NORTH CAROLINA PULLED PORK BBQ SANDWICHES
Make and share this North Carolina Pulled Pork BBQ Sandwiches recipe from Food.com.
Provided by Rita1652
Categories Lunch/Snacks
Time 4h20m
Yield 10-12 serving(s)
Number Of Ingredients 10
Steps:
- BBQ Sauce:.
- In medium bowl, combine vinegar, brown sugar, red pepper flakes, Worcestershire sauce, salt and hot pepper sauce. Divide sauce into two portions; set aside.
- Pulled Pork:.
- At least 1 hour before grilling, soak wood chips in enough water to cover; drain before using. Rub meat with salt and black pepper. In a charcoal grill with a cover, place preheated coals around a drip pan for medium indirect heat. Add 1/2 inch hot water to drip pan. Sprinkle half of the drained wood chips over the coals. Place meat on grill rack over drip pan. Cover and grill about 4 hours or until meat is very tender. Add more preheated coals (use a hibachi or a metal chimney starter to preheat coals), wood chips and hot water every 1 to 1 1/2 hours. Remove meat from grill; cover with foil and let stand for 20-30 minutes. Using a fork, shred meat into long, thin strands. Pour sauce over shredded meat; toss to coat. Serve on toasted buns. If desired, top meat with coleslaw. Serve remaining sauce on the side.
- * Note: For gas grills, preheat and then turn off any burners directly below where the food will go. The heat circulates inside the grill, so turning the food is not necessary.

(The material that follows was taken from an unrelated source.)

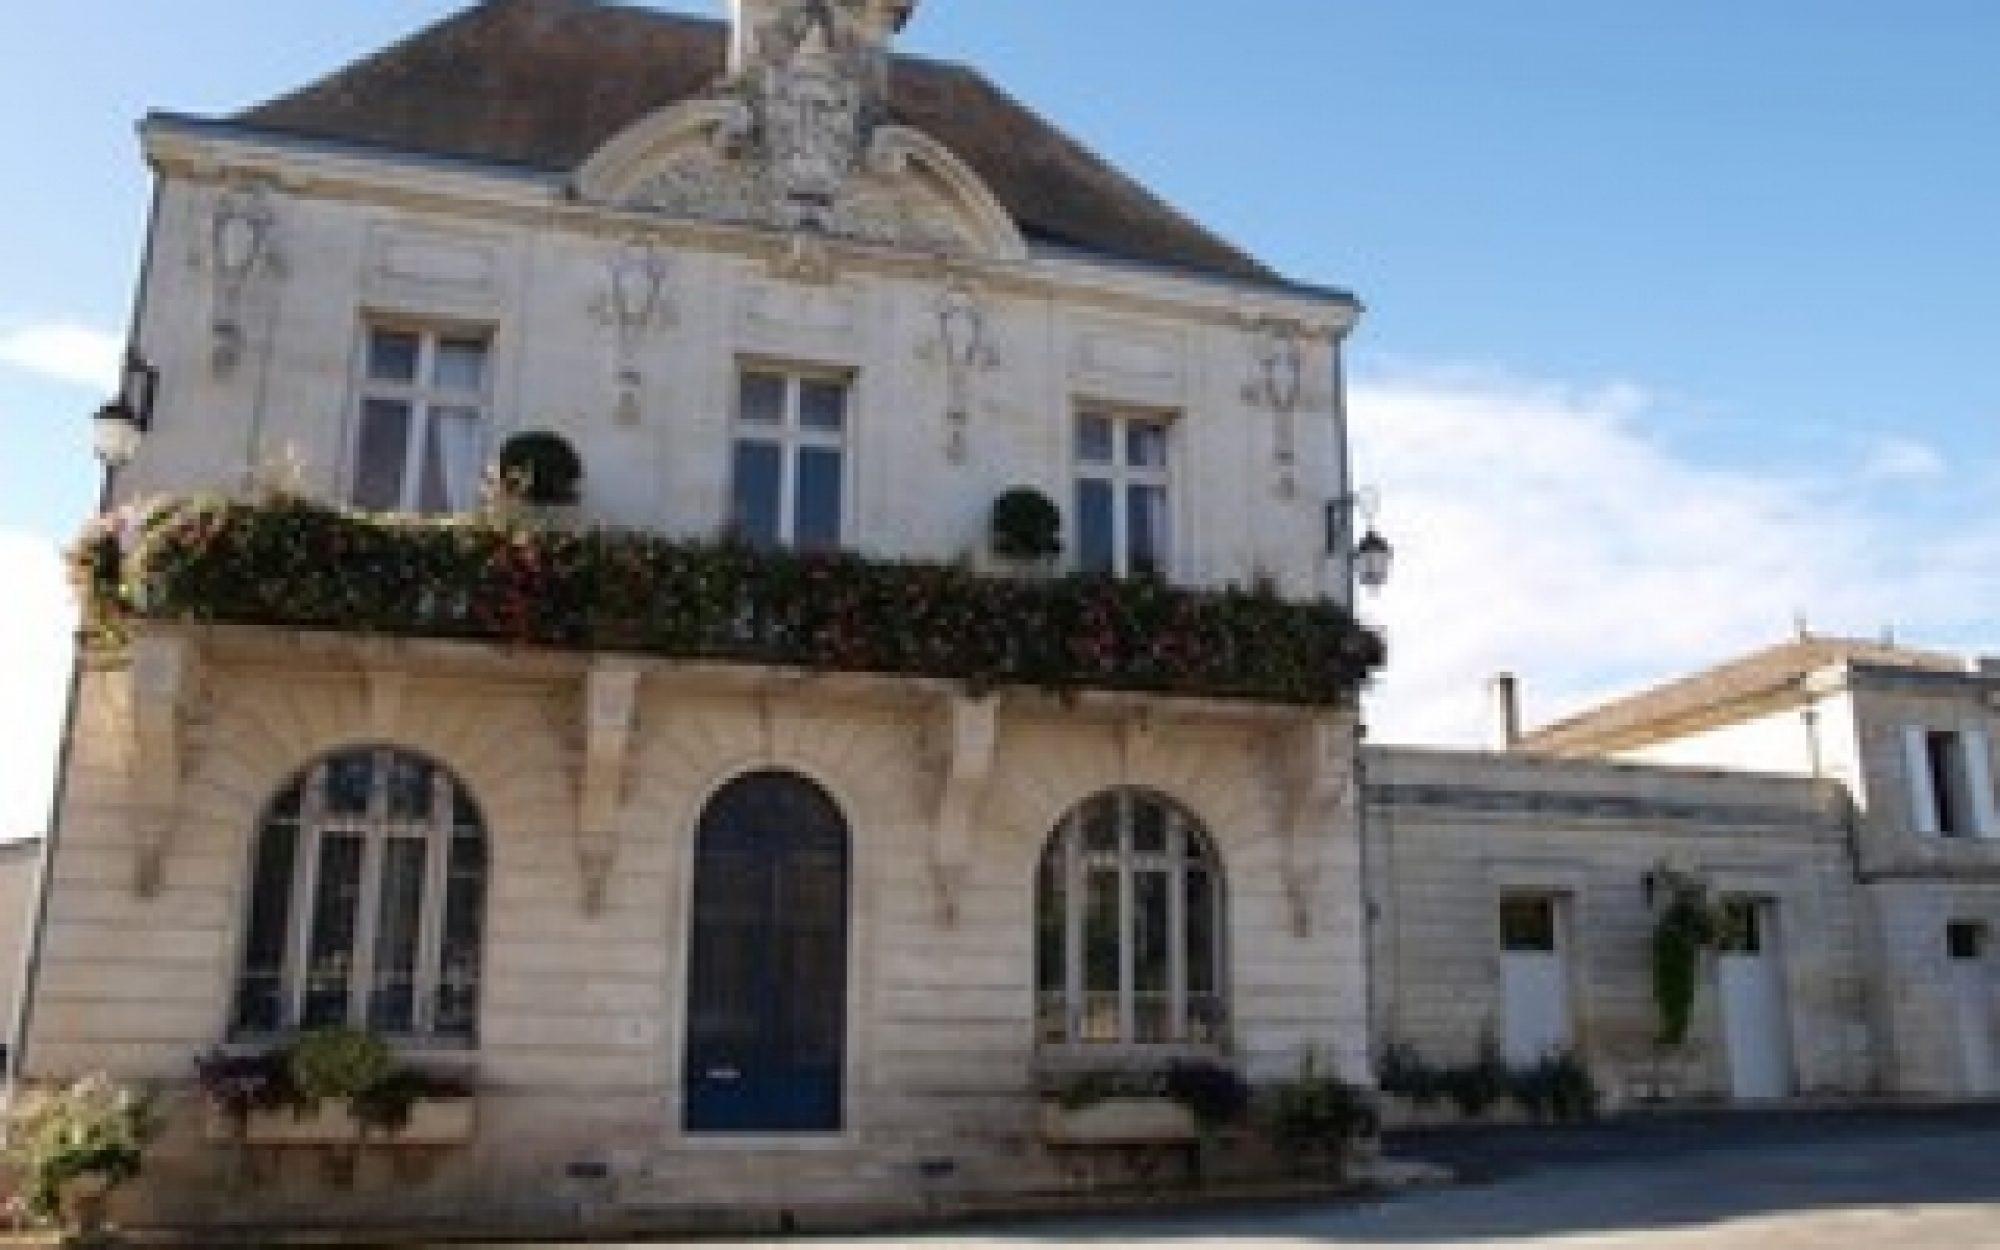 LUSSAC en Gironde
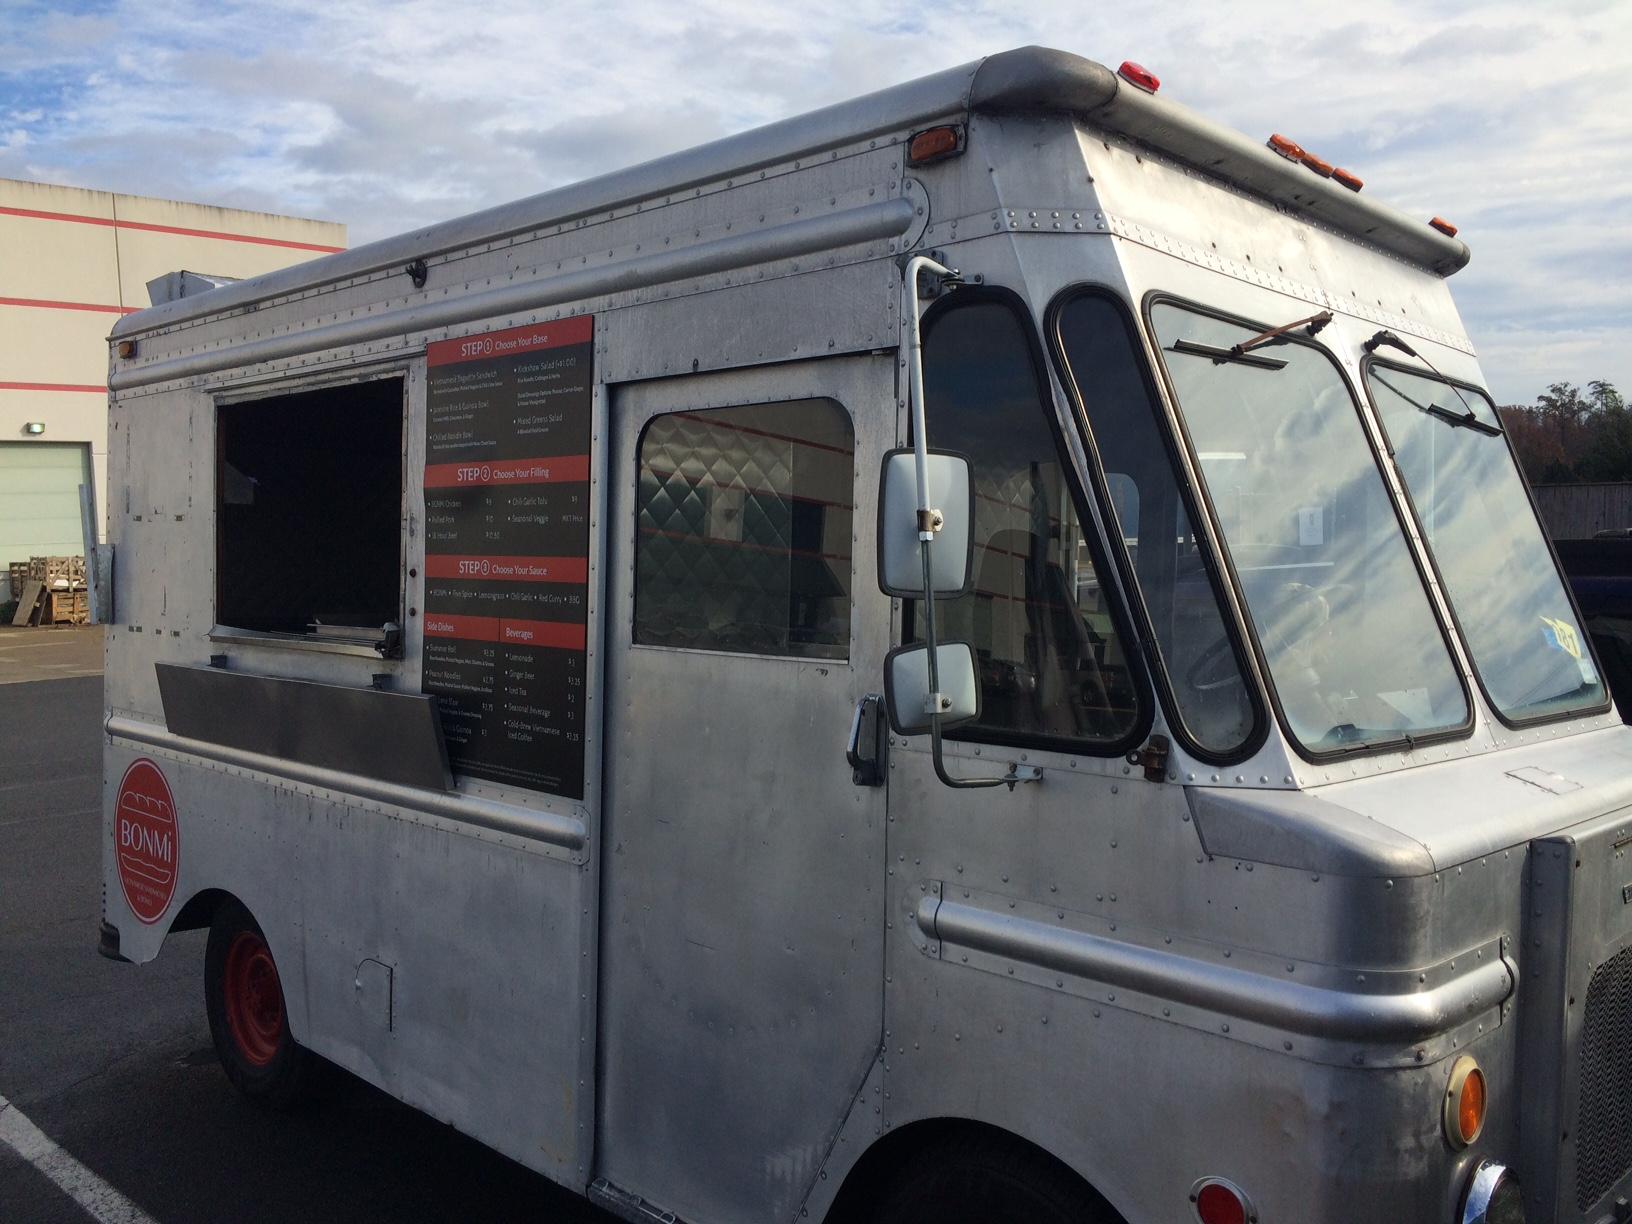 Vintage Food Truck For Sale!

Nutrition Facts : Calories 613, Fat 38.6, SaturatedFat 13.2, Cholesterol 128.9, Sodium 583.4, Carbohydrate 27.7, Fiber 1.1, Sugar 8.4, Protein 34.5
Tips:
- Choose a pork shoulder (also known as pork butt) that is at least 4 pounds. This will ensure that you have plenty of pulled pork for sandwiches.

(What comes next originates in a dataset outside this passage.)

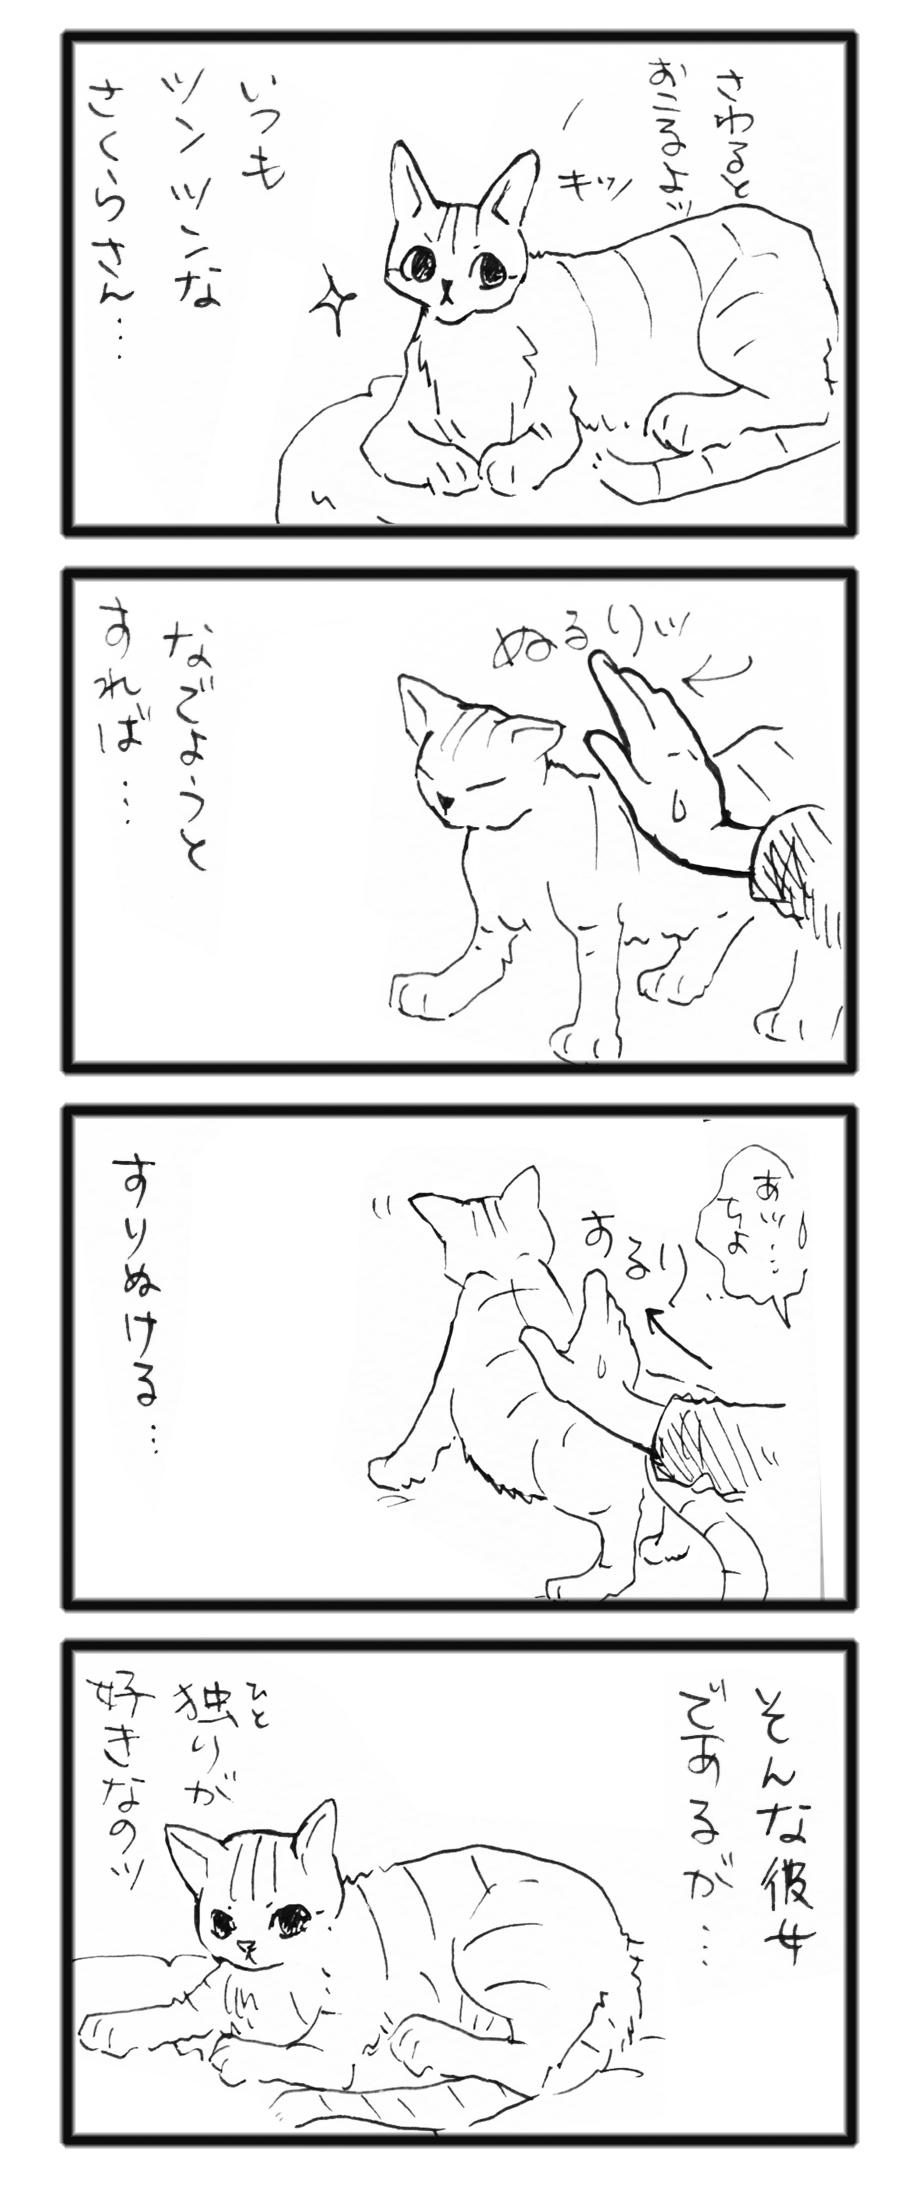 comic_2013102901.jpg

- Use a good quality BBQ rub. A good rub will help to flavor the pork and give it a nice crust.
- Cook the pork shoulder low and slow. The ideal cooking temperature is between 225 and 250 degrees Fahrenheit. Cooking the pork at a low temperature will help to keep it moist and tender.

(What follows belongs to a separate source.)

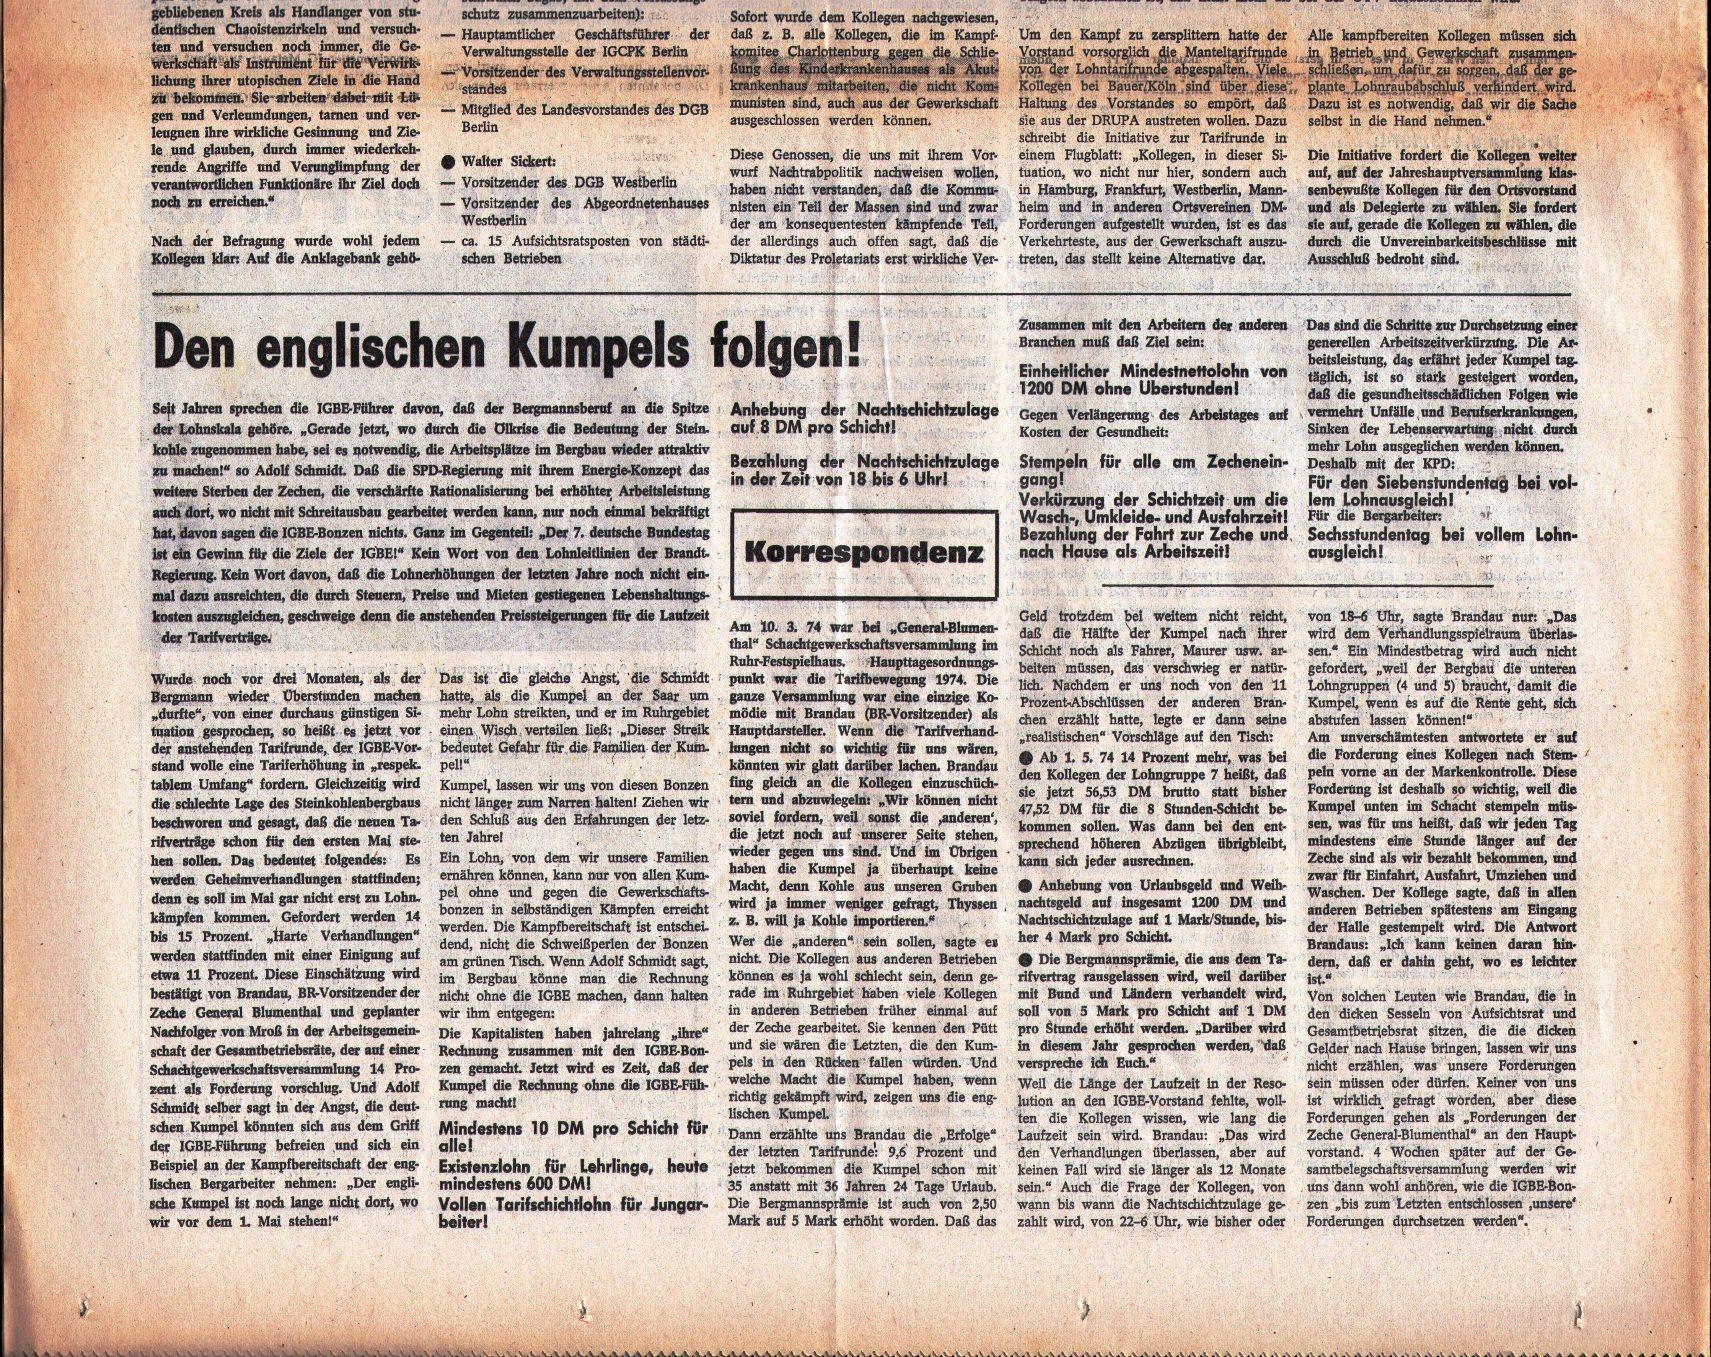 KPD_Rote_Fahne_1974_11_08

- Cook the pork shoulder until it reaches an internal temperature of 200 degrees Fahrenheit. Once the pork reaches this temperature, it will be fall-apart tender.
- Let the pork shoulder rest for at least 30 minutes before pulling it. This will help the juices to redistribute throughout the meat, making it even more tender and flavorful.
- Serve the pulled pork on toasted buns with your favorite toppings. Some popular toppings include coleslaw, BBQ sauce, and pickles.
Conclusion:
North Carolina-style spicy pulled pork sandwiches are a delicious and easy-to-make meal. By following these tips, you can make sure that your pulled pork sandwiches are perfect every time.